Option 2: Exclude globally routed IP addresses and FQDNs from automatic updates
This change would have no effect on the first type of issue outlined above, but would completely solve for the second type of issue without requiring any user awareness of the problem and being incredibly unlikely to have unwanted side-effects (i.e. breaking stuff that worked before).
The change would make it so that non-RFC1819 IP addresses are (i.e. “non-local” IP addresses) and non-link-local and non-local FQDNs (fully qualified domain names, i.e. “myremotedevice.dyndnsprovider.net”) are excluded from being automatically updated based on device discovery.
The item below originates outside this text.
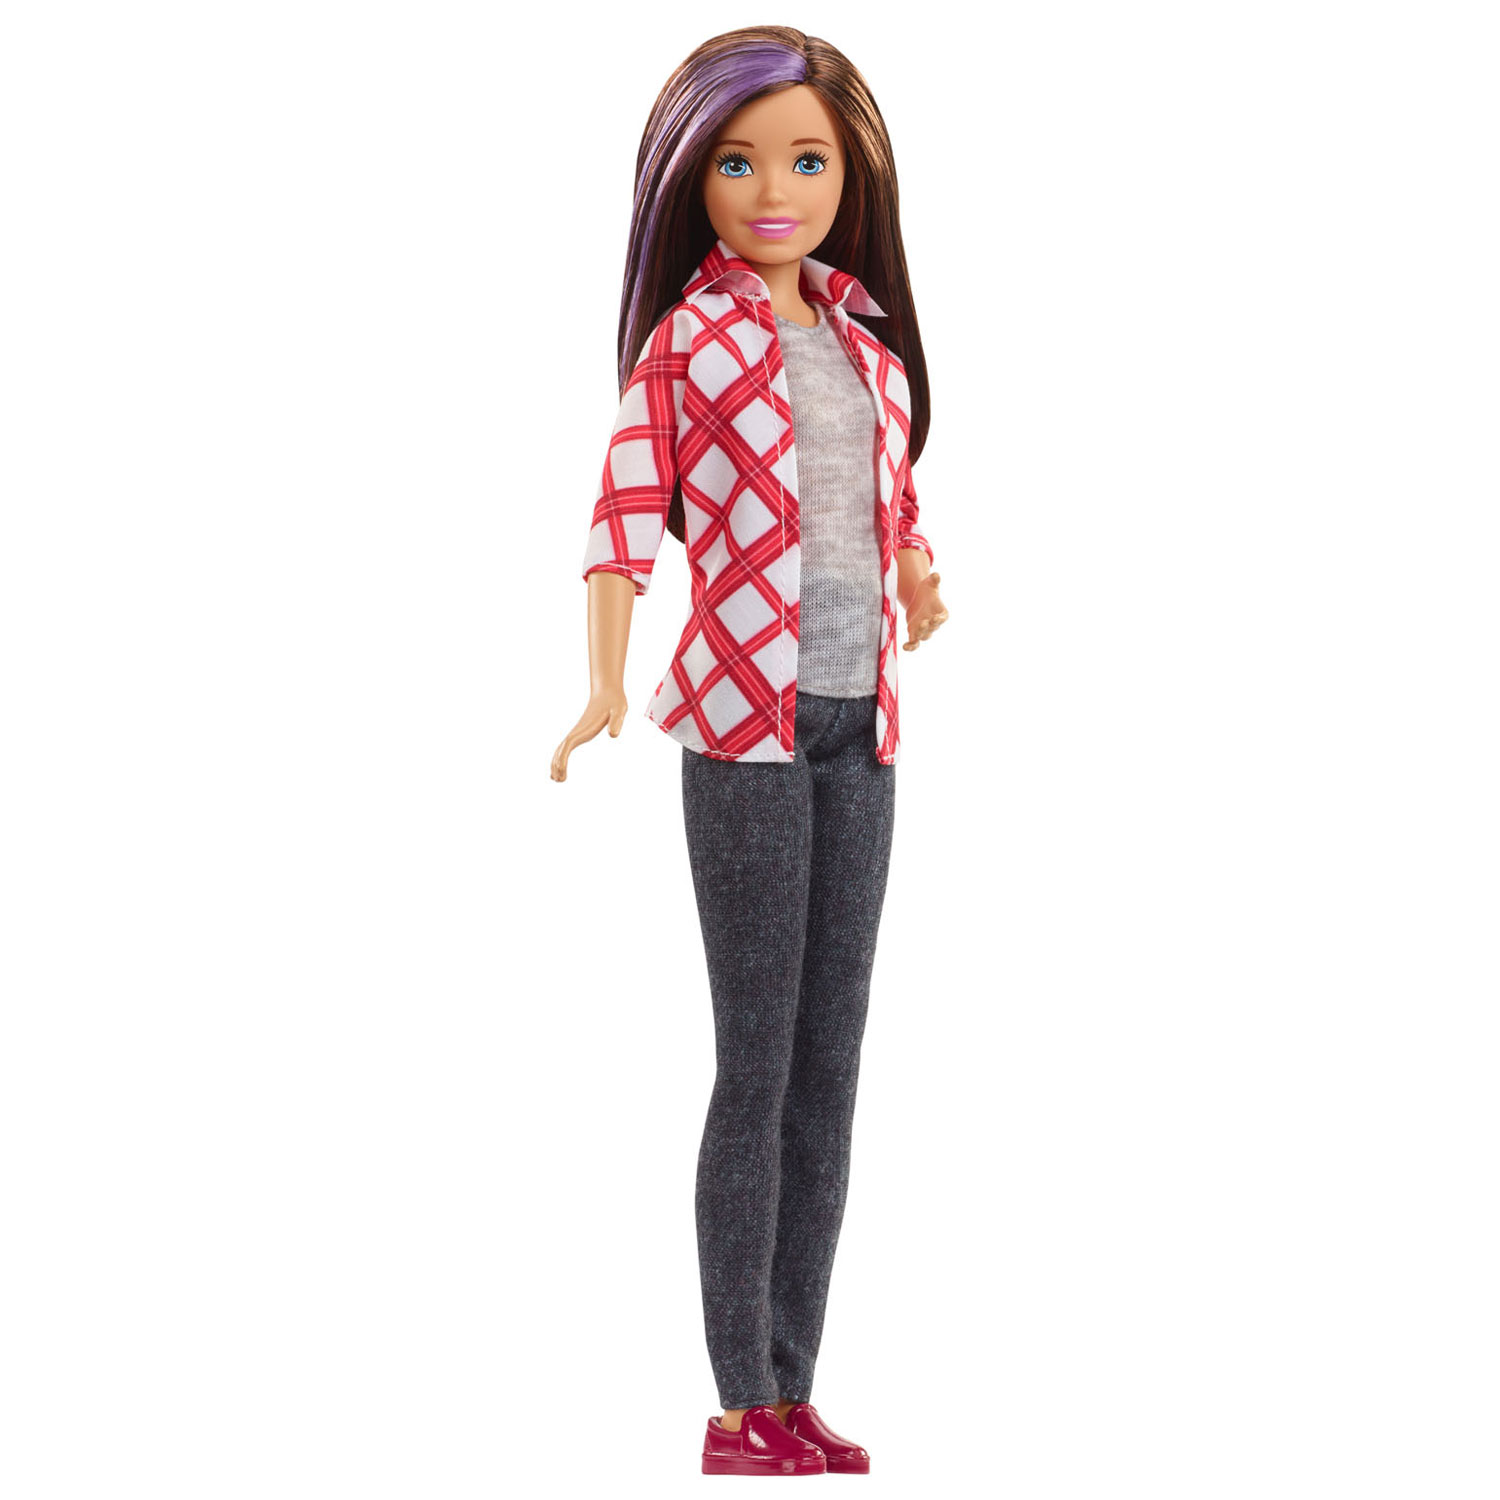 molen consensus Ontdek Barbie Dreamhouse Adventures Skipper in Checkered Blouse | Thimble Toys

It might be desirable to include link-local and local FQDNs (i.e. “myhost.local” or “myhost.localhost”) into the carve-out, but I can see good arguments for both excluding and including them. To “play it safe”, this proposal would continue to update link-local and local FQDN to reduce false negatives and keep the behavior as closely aligned with the original behavior while also resolving the outlined issues.
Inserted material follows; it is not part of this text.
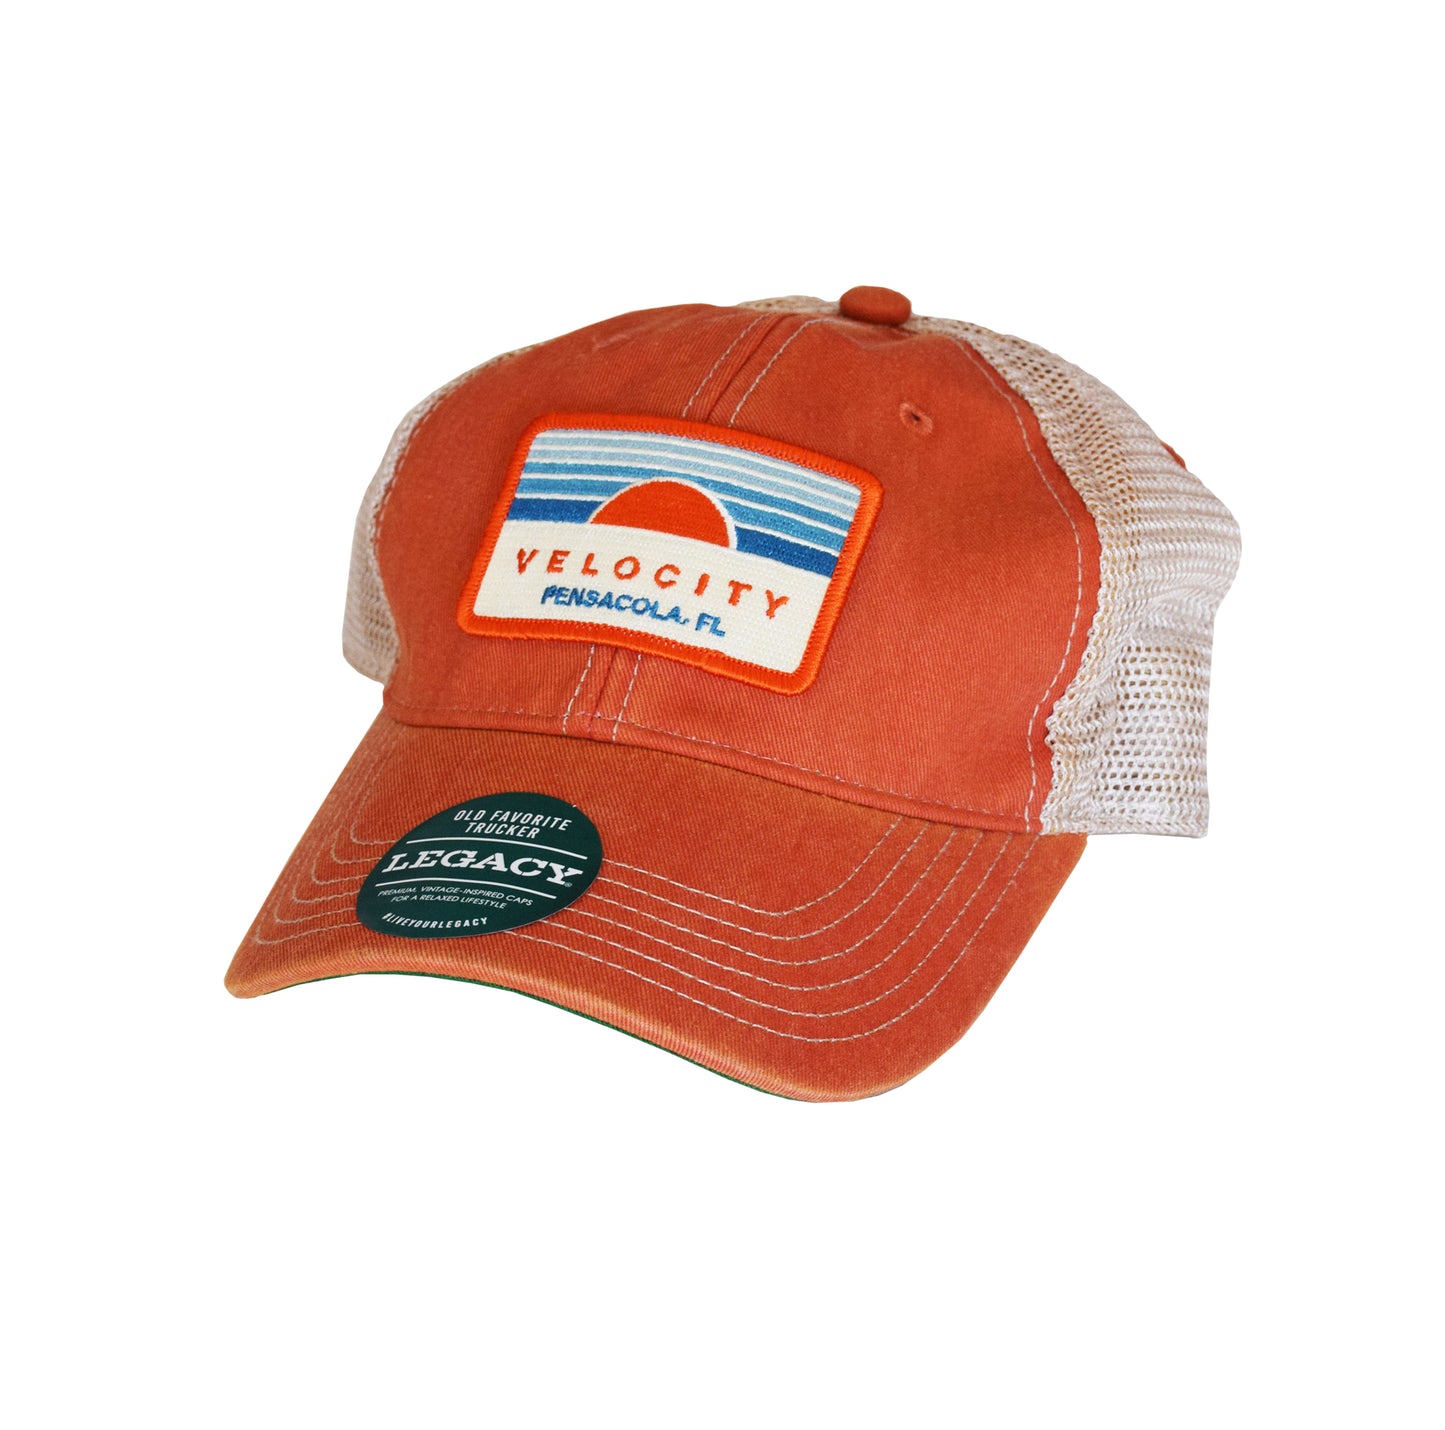 Pensacola Legacy Dad Hat

By excluding non-RFC1819 IP addresses and non-link-local and non-local FQDNs, devices that were configured with “global” connectivity will not get automatically “downgraded” to local connectivity just because they may have been (temporarily) connected to a local network.
Option 3: Alternative connectivity profiles
This seems to be the most invasive and complicated change from an implementation perspective, but would also transparently resolve both mentioned issues. However, it might not be possible to exclusively implement on the HA platform level and may require integration authors to opt into (I frankly haven’t explored this option in too much detail since it’s my least favorite due it’s complexity and potential for breakage).
Instead of plainly replacing the connectivity information in the config entry the concept of alternative “connectivity profiles” could be introduced. Basically, instead of overriding the “host” field, the config entry would be amended with an “alternative_hosts” list. The originally configured host would never get touched by the device discovery, but integration authors (or where possible the HA platform itself) would upon a failed connection, round robin over all hosts, including the alternative_hosts list.
This way, the originally by the user configured configuration will never get lost and can always be recovered while also utilizing newly available connectivity profiles added by device discovery. As an additional optimization the mechanism could always start the first connection attempt with the most recently successfully used profile and could purge automatically generated profiles after not having been successfully connected to for a while.
This approach, while providing a more wholistic and user-transparent solution, is also significantly more complicated to implement, may require significant changes across the codebase, possibly including integrations, and ultimately has a much higher potential for bugs.
For those reasons I think this approach is probably not advisable.
Conclusion
I hope I can get some input, thoughts, advice and support here. I would like to work on and provide a pull request for these solutions if there are no objections and general support for changes like this. I think it is probably worth implementing at least the first solution, possibly amended by the second solution.
I welcome any feedback and thoughts!
Related bug report: device_tracker announcing devices via CONNECTED_DEVICE_REGISTERED even when disabled · Issue #117888 · home-assistant/core · GitHub
I’ve also posted related to this topic to the Home Assistant and ESPHome Discord servers (no links for obvious reasons).